Just realised something: the ‘at’ construction doesn’t actually mean the same thing as the ‘sat’ one - we’re discussing two separate things. The Irish for ‘You were at sitting in the corner’ means ‘You were in the process of sitting down in the corner’. ‘You were seated in the corner’ is a whole different thing. In English, ‘sitting’ means both the action and the static condition of being seated, so it sounds like your friend blurred the two together.
I’ve been mulling it over since the first round of responses came in this morning, and specifically thinking about my grandmother’s old-timey Hoosier/Appalachian dialect, which derives in part from old-timey Scottish dialects. She’ll use “set” as an alternate pronunciation of “sit”. And if I heard her say
“You were set in the corner”
I wouldn’t blink an eye. It’s just a vowel shift away from the Scottish construction given in the first and second responses here. My brain has built a completely different linguistic story around the two, though. Ain’t linguistics grand?
(must be why I have a Ph.D. in it, my ignorance notwithstanding)
It would sound more natural to me to hear her say “you were set down in the corner.” Meaning, the person had in the past been seated in the corner. Which is odd because “sit down” and “sat down” are both about the act of sitting down, not the state of being seated…
Well, in Scotland I wouldn’t be surprised to hear someone say “You were sat down in the corner.” I think most people wouldn’t, because the extra word would seem redundant, but it wouldn’t sound jarring or anything.
But my non-expert thought would be that you could be on to something in terms of your grandmother’s dialect and the way modern-day Scots speak.
I love the very little I’ve heard of Appalachian dialects. I bet they’re packed with Old Country holdovers that have long since died out in the old country.
These-a-days, the degree has boiled down to two useful points:
I learned to bloviate with the best of them, and
I occasionally enjoy telling people that I have it
I’ve been pondering the Scotland vs. Appalachia thing since starting this thread (while listening to Norman Blake’s album Whiskey Before Breakfast, which is conducive to pondering). There is just an awful lot about Scottish culture that is familiar and natural to Americans with roots in that region. It almost becomes the background against which everything else (cultural roots in Germany, central Europe, Africa, wherever) stands out. A quick read-through of some James Whitcomb Riley illustrates that well:
LITTLE Orphant Annie’s come to our house to stay,
An’ wash the cups an’ saucers up, an’ brush the crumbs away,
An’ shoo the chickens off the porch, an’ dust the hearth, an’ sweep,
An’ make the fire, an’ bake the bread, an’ earn her board-an’-keep;
An’ all us other childern, when the supper-things is done,
We set around the kitchen fire an’ has the mostest fun
A-list’nin’ to the witch-tales ‘at Annie tells about,
An’ the Gobble-uns 'at gits you
Ef you
Don’t
Watch
Out!
Phonetically, it reads not so differently from Robert Burns’ less-broad poetry, right?

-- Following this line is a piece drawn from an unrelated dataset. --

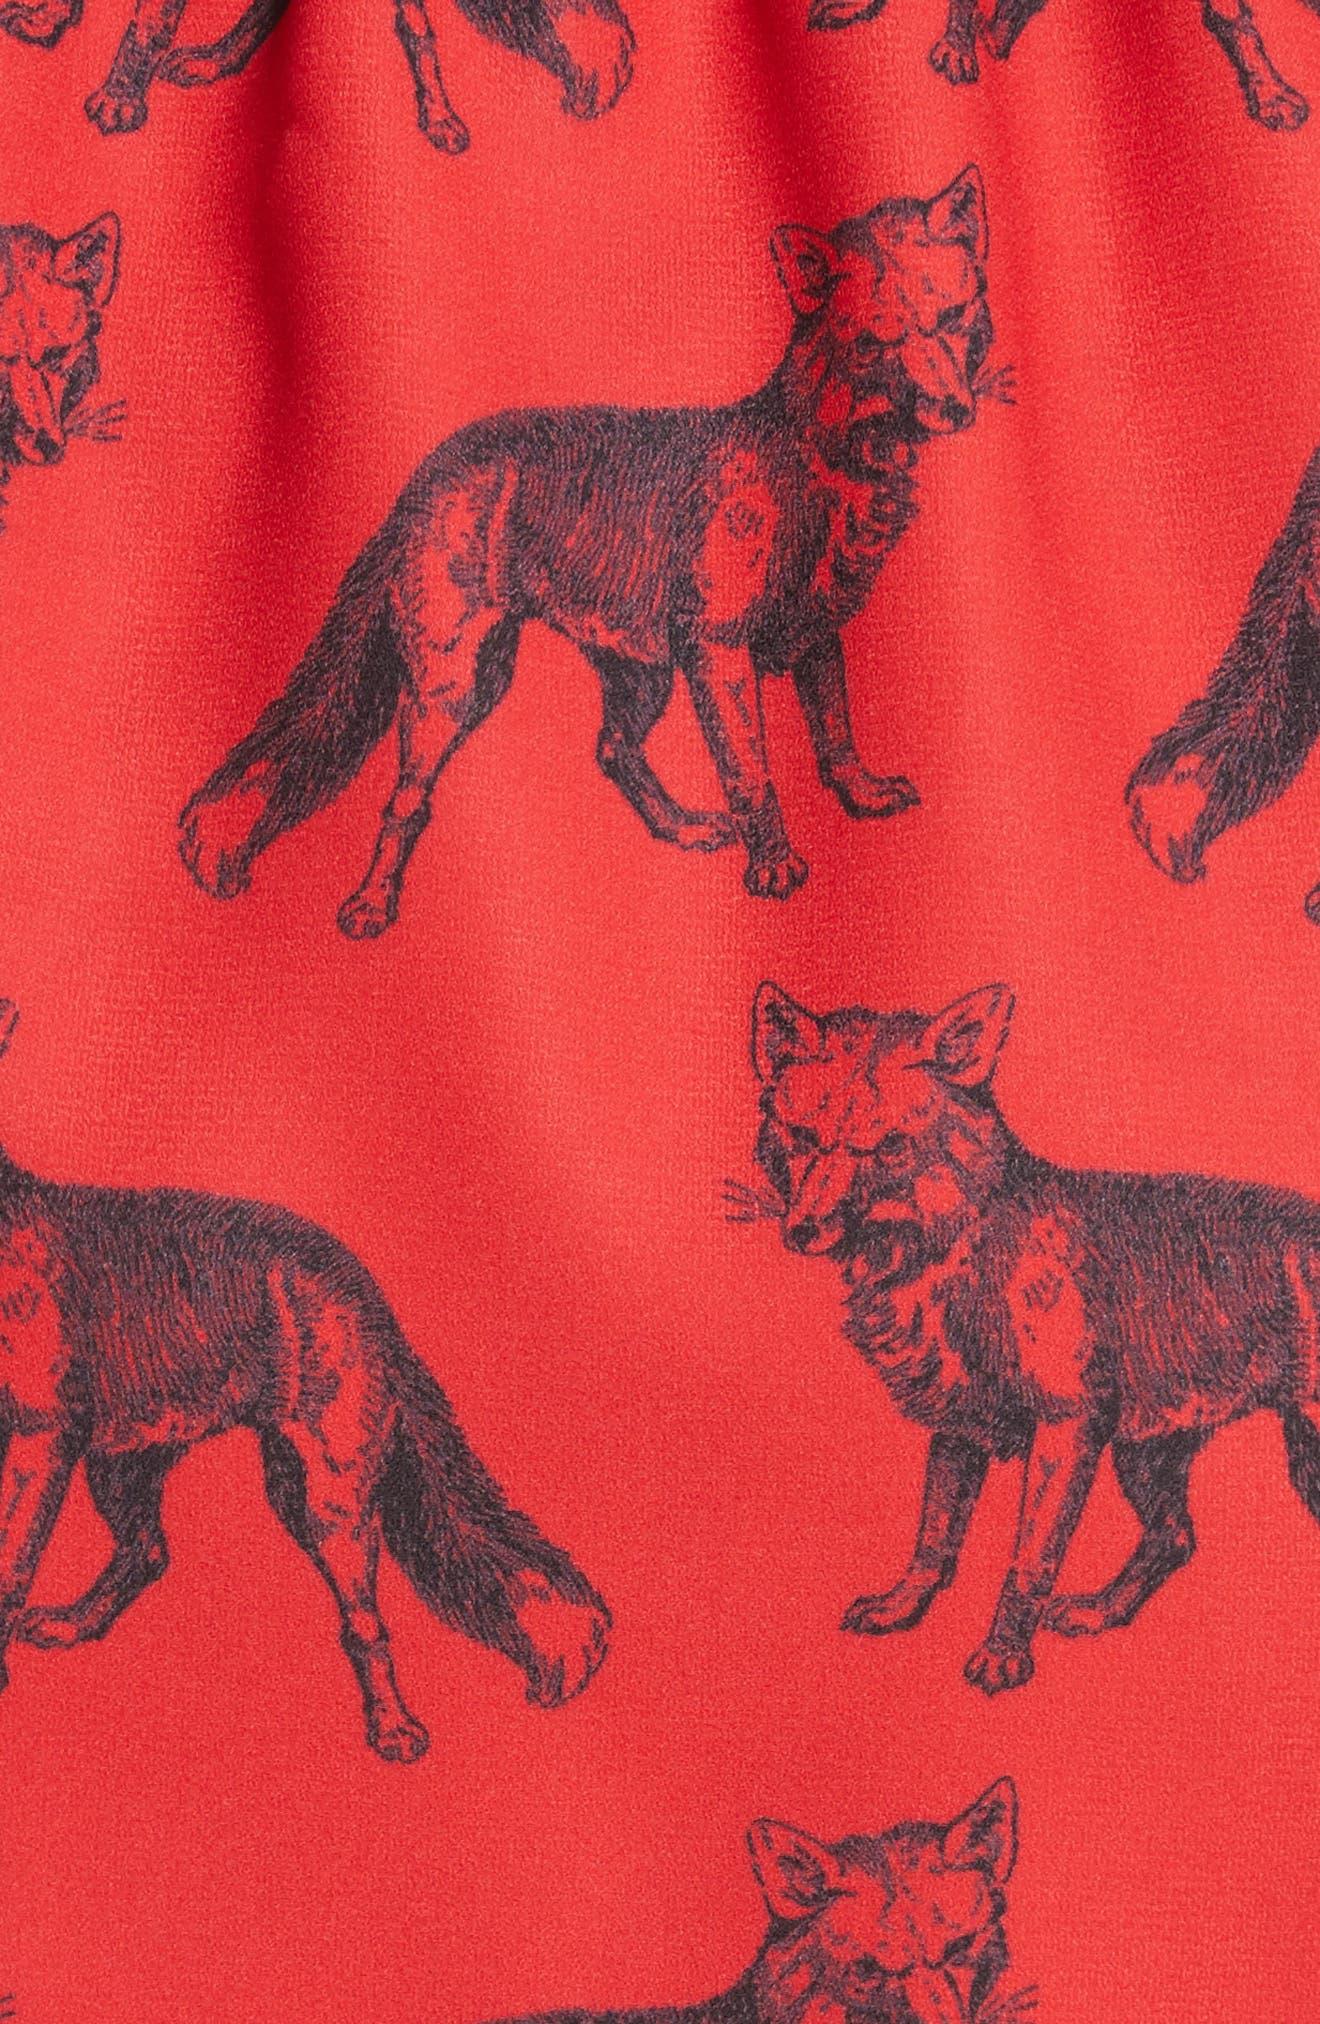 Fox/Girl Reversible Skirt,                             Alternate thumbnail 5, color,                             Ivory/ Red

And then there’s moonshine vs. illicit whiskey stills. And jigging vs. clogging and flatfooting.
And my grandmother’s, and even Aunt’s, abiding belief that Black Watch plaid is the most elegant thing ever… also that Scottie dogs are desirable jewelry motifs. Well, my great-grandmother was a Grant, so that excuses the Black Watch plaid at least.
And the list goes on. None of this is revelatory stuff, but it’s the headspace I’m in right now.
I like the rhyme. I don’t a lot about linguistics at all, but I love noticing little correspondences like that. Just for example, that ‘childern’ in the rhyme has echoes over here, too. In Ireland a lot of older people still say ‘childer’ as the plural of ‘child’.
Yes, I’m neglecting the Irish influence on all of it. Over here it’s thrown together and labelled “Scotch-Irish”. To which the proper response, I understand, is that scotch is something one drinks.